* **HOW TO COMPLETE THIS TASK**
Repeat the listing exactly. The images do not belong in the copy.

+++ THE DATA

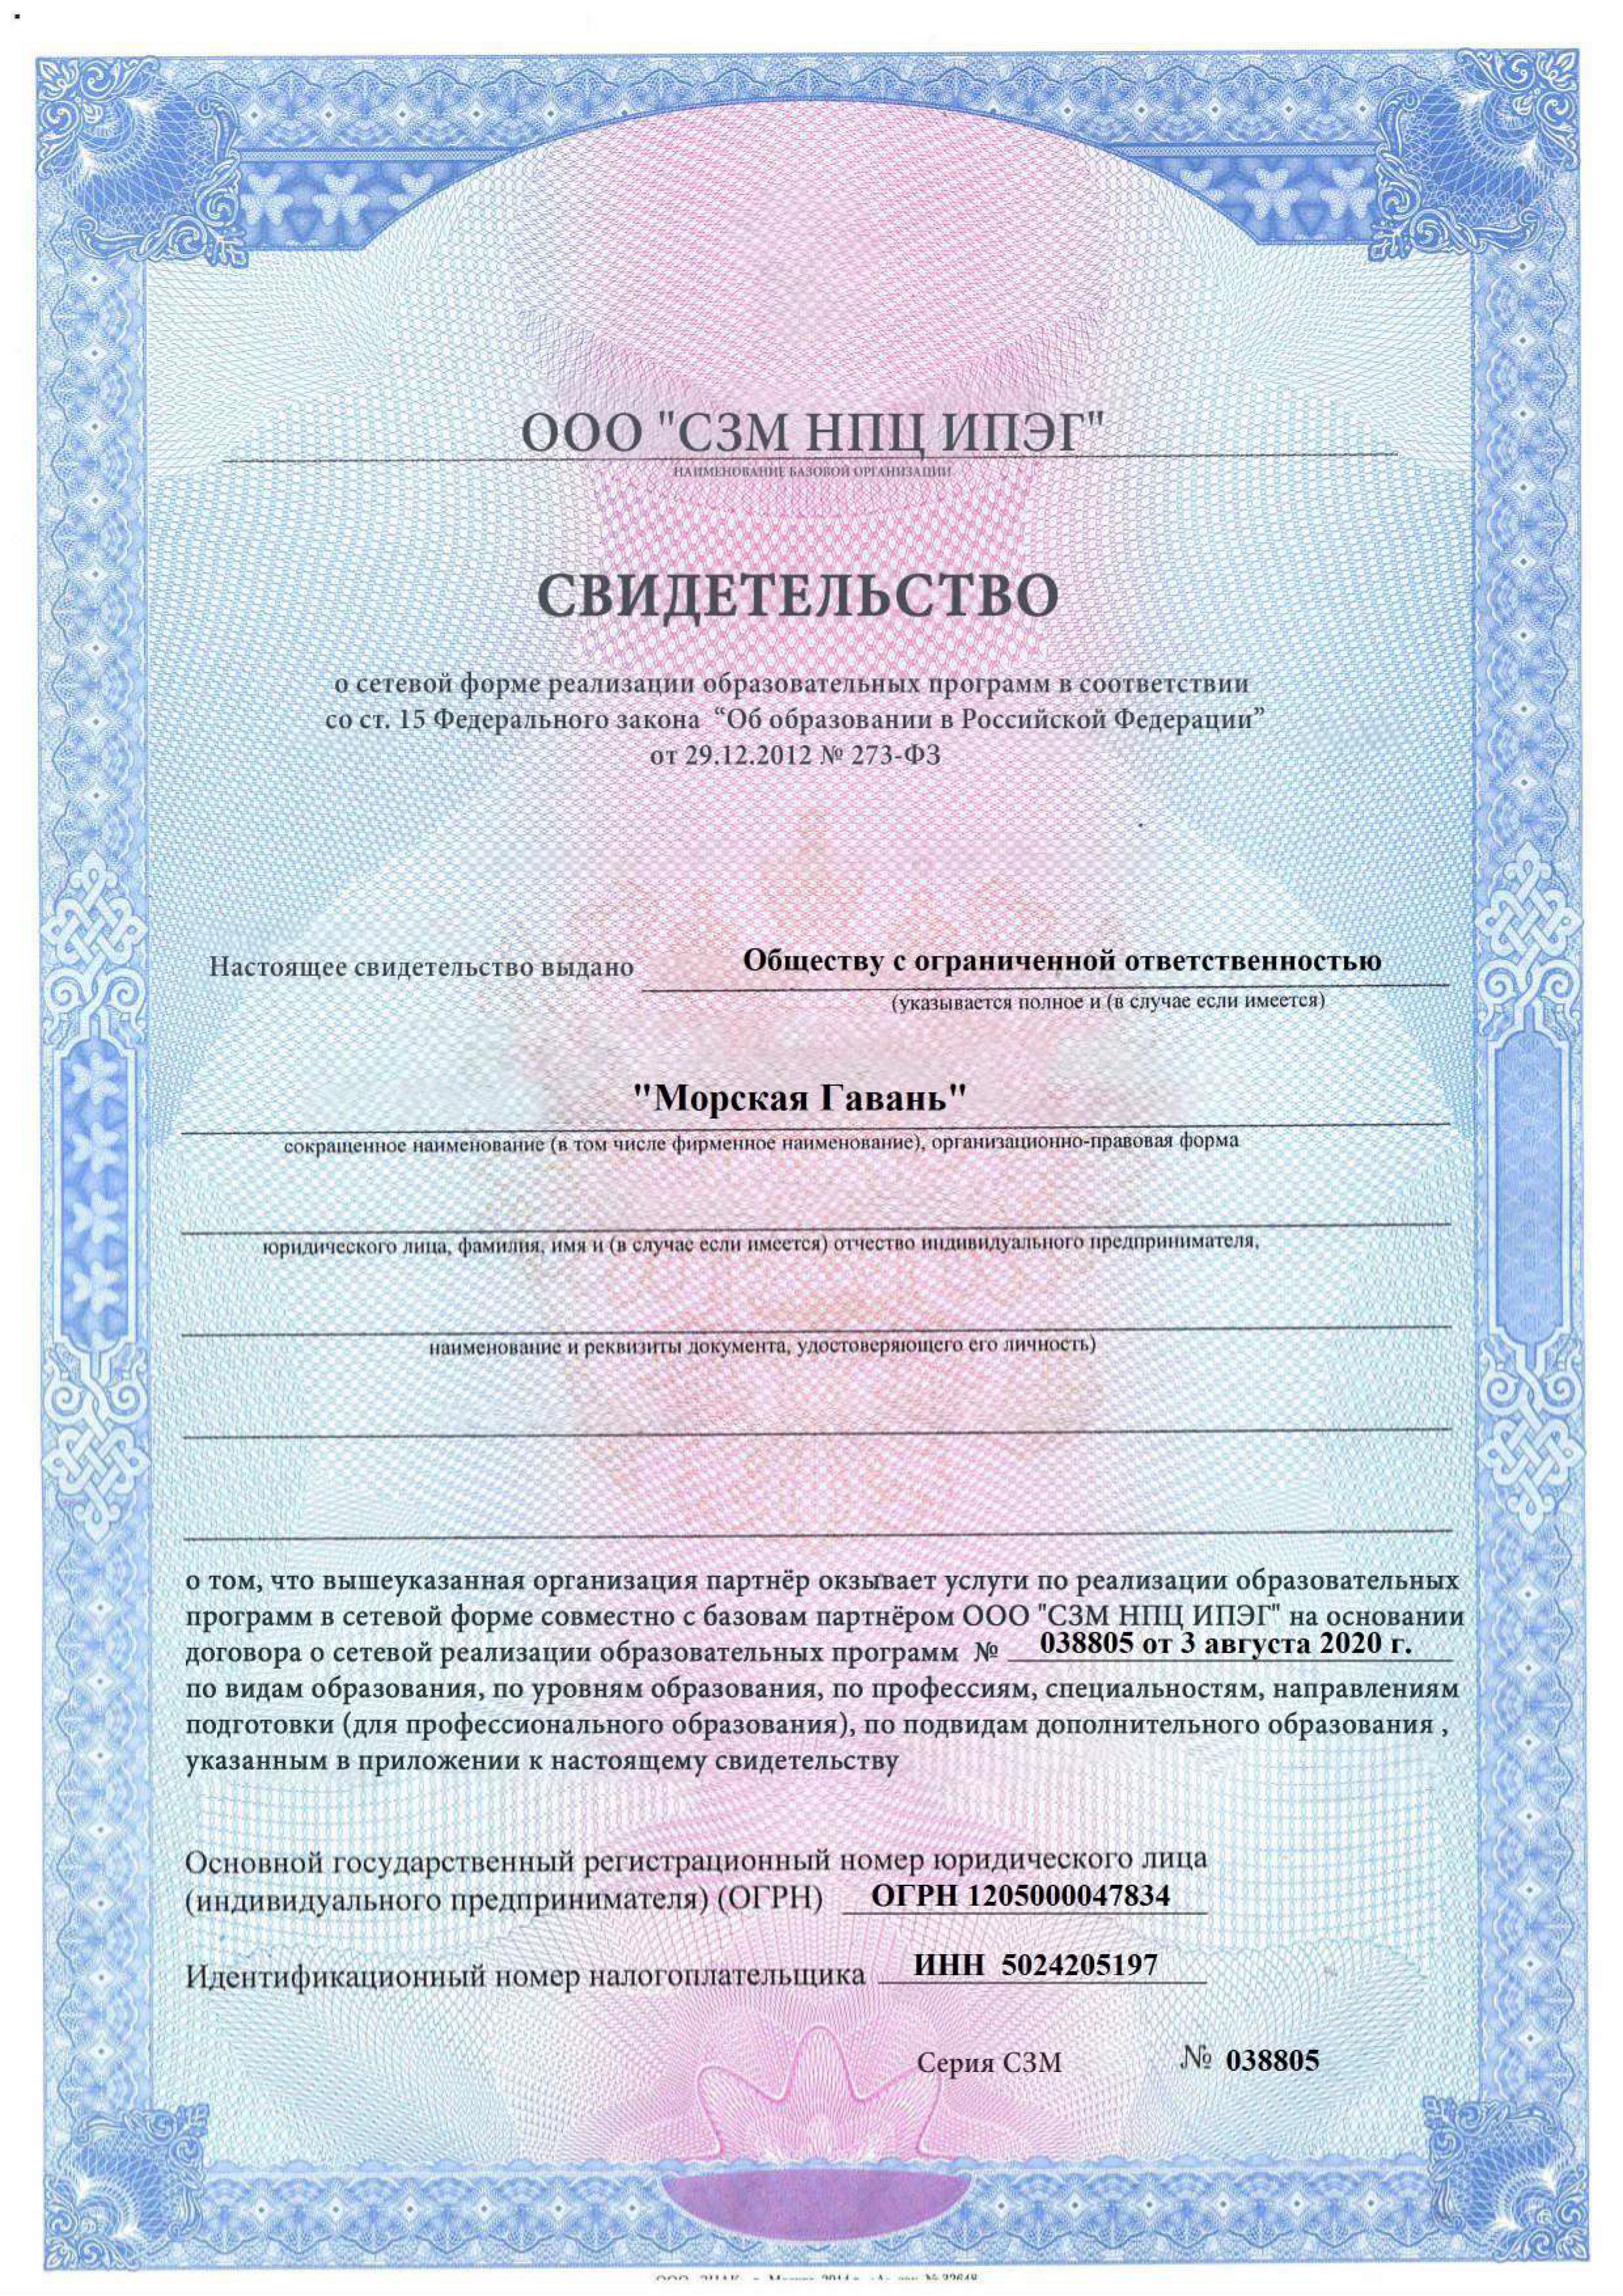 Свидетельство о сертификации Морская Гавань-1
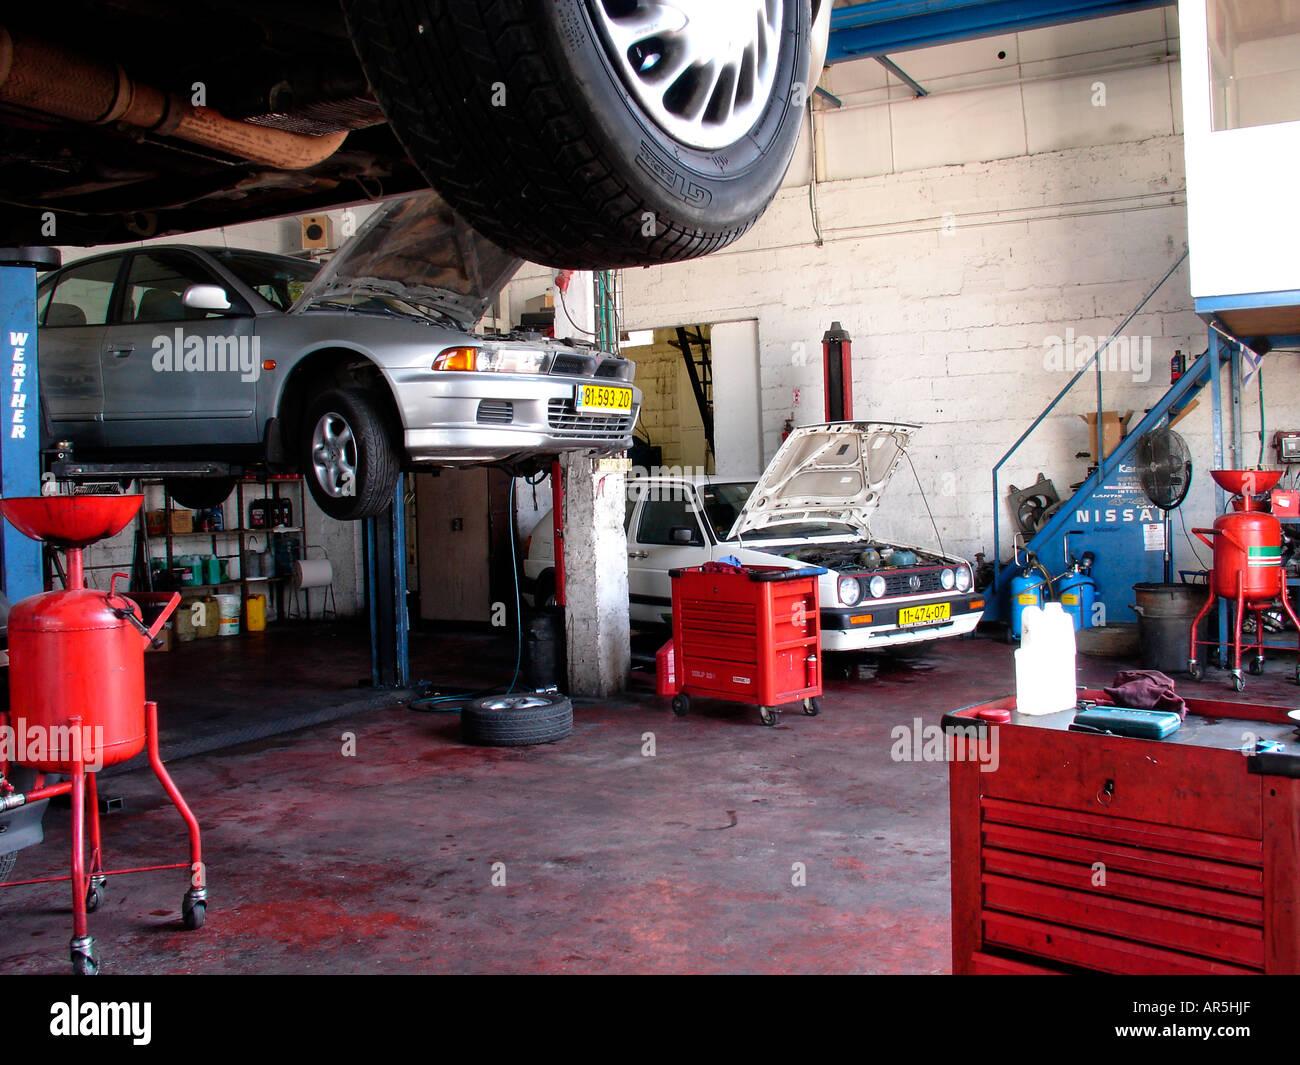 Garage Interior Workshop Stock Photos & Garage Interior
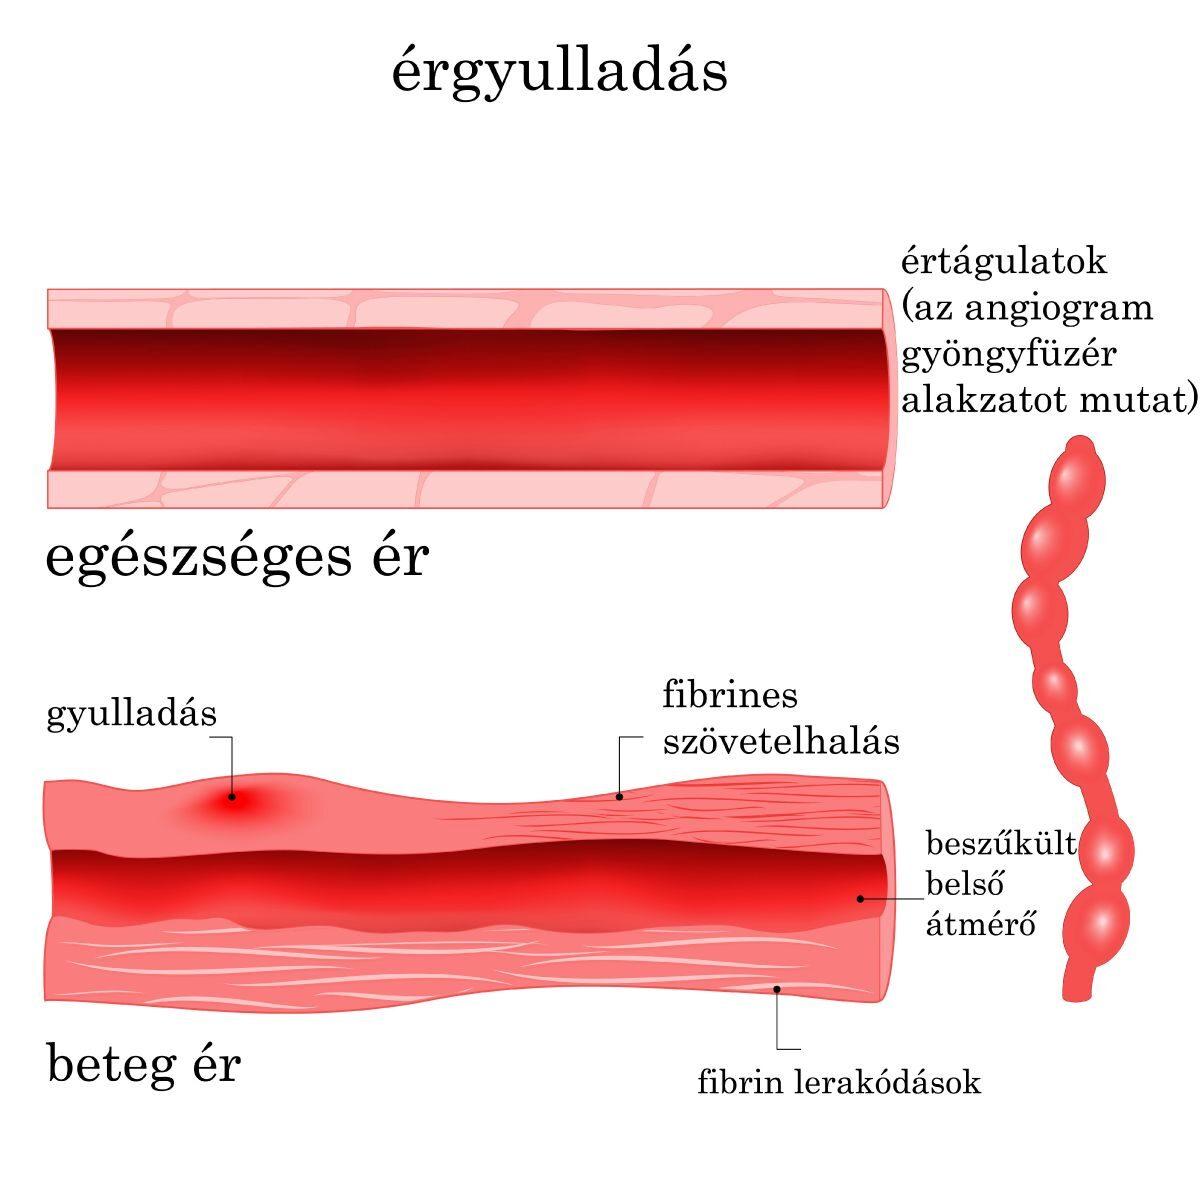 Vasculitisek, érgyulladások - Immunözpont

++++++

* **COMPLETED EXERCISE**
 Свидетельство о сертификации Морская Гавань-1
 Garage Interior Workshop Stock Photos & Garage Interior
 Vasculitisek, érgyulladások - Immunözpont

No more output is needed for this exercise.